I'm looking for the proper translation of "Live Free or Die". Any help?


----------



## Pincadilly

You can try with:
Liberam vitam age vel ex ea excede.
(Lit. "have a free life, or go away from that").
I hope I've been helpful.


----------



## relic411

Any chance we could change the meaning slightly to something along these lines:

Live Free ( A command) or you might as well be dead
Live free or you will be dying
Live free or you might as well be dead.


Thanks


----------



## Whodunit

Well, a possible literal translation would be:

Vive libere aut morieris!

However, I really like Pincadilly's version and you should go with that.
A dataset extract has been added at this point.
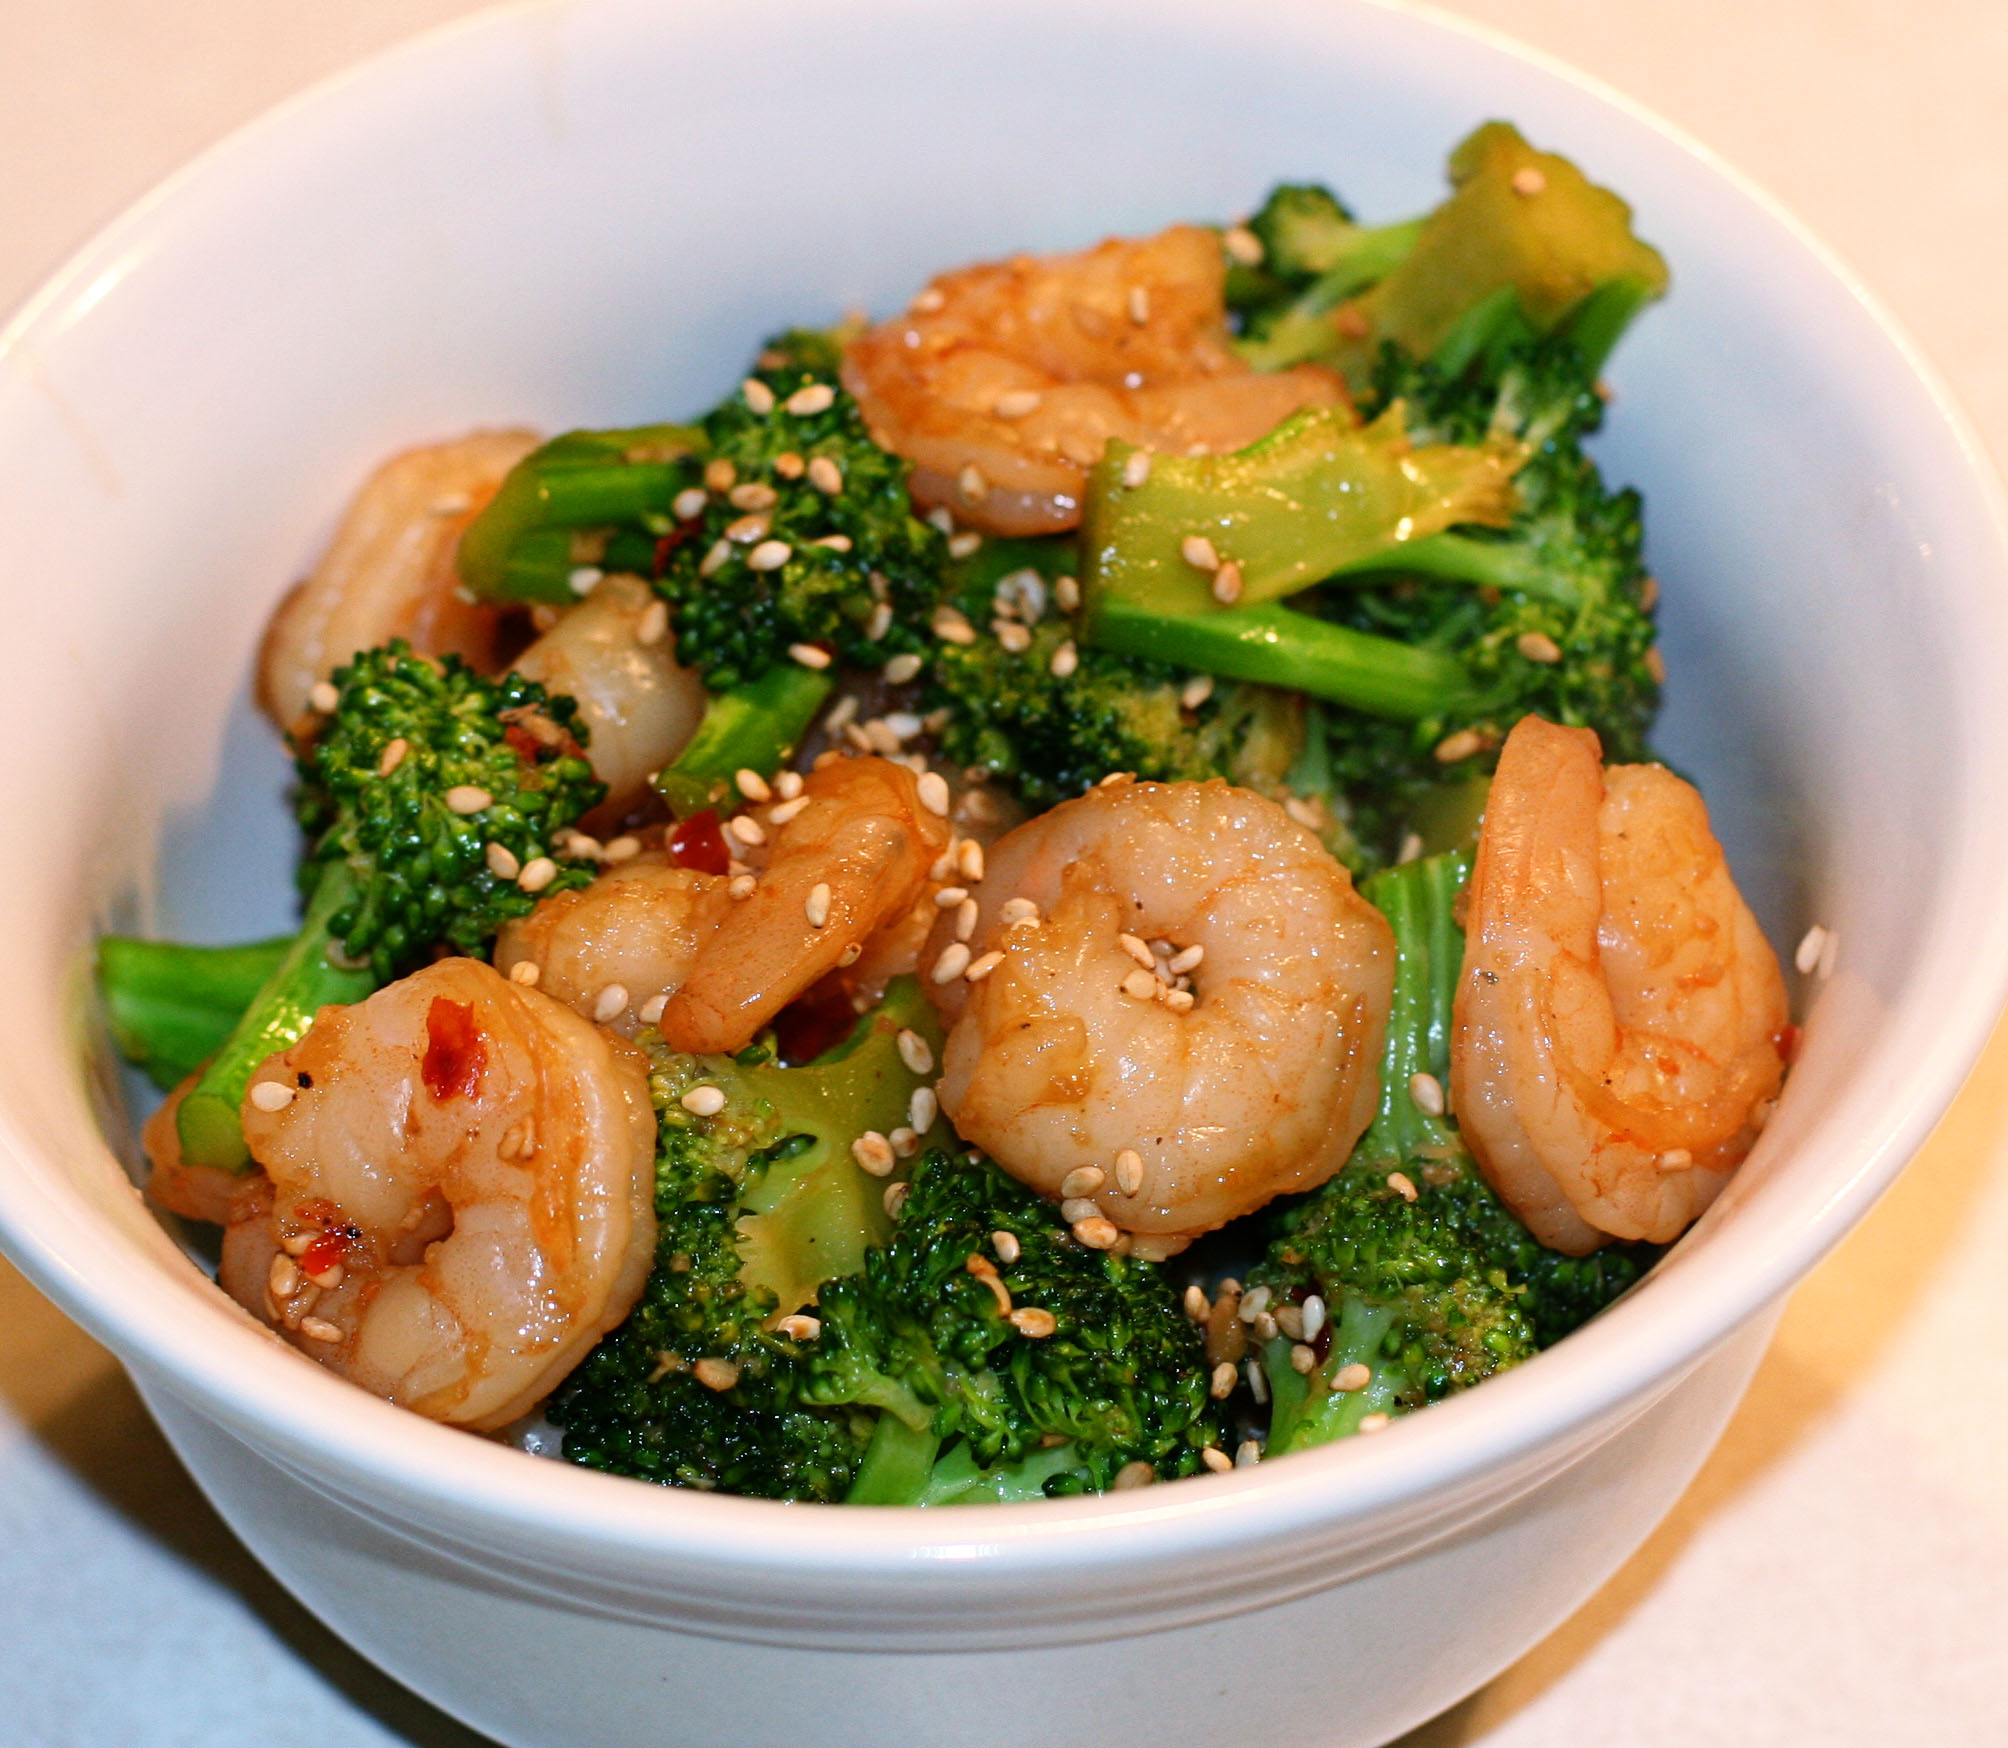 Sesame shrimp and broccoli tasty kitchen a happy recipe community forumfinder Gallery

I'd just like to mention that "e vita cedere" is more common than "e vita excedere," because "e ... ex..." is kind of redundant. 

Finally, I'd say:

*Vitam liberam age aut ex ea cede!*


----------



## relic411

Thanks for all the responses! Here's a few more possible that I've dug up that seem to be a bit more along the lines I'm looking for:

Vive libere aut tabesce  (Live freely or waste away)

Age libere aut tabesce  (Do life freely or waste away)

Age libere aut morere  (Do life freely or die(command))

Vitam libere aut tabesce  (Live life freely or waste away)

Vitam libere aut morere  (Live life freely or die(command))


----------



## Whodunit

Relic, the only sentence I would sanction is number one. 

If you combine #2 and #4 with the last two, they would be possible, too:

"Vitam age libere aut ..."

I want to tell you why: The last two sentences lack the existence of a verb in the first part (before aut). "Vitam" is the accusative singular of "vita" (life), so your last two sentences mean "Life freely or waste away/die." And numer 2 and 3 are nearly incomprehensible without further context. It is possible to use "agere" alone (i.e. without vitam) to express "to live," but this shouldn't be done if the context doesn't make it clear.

It would be clear that "live" is meant in a sentence like this:

De hominibus, qui tum agebant, loquor.
_I'm talking about the people who lived (actually: acted) at that time._

However, in your sentences, I would definitely add "vitam."

Furthermore, I don't think that some Roman would have said any of your sentences. They sound too modern, not the way they spoke back then.


----------



## relic411

Thanks for your input! And you are absolutely correct. In my haste I accidentally did not add that into my sentence. And yes, it is not the speech of Ancient Romans - it is the modern day motto of New Hampshire.


----------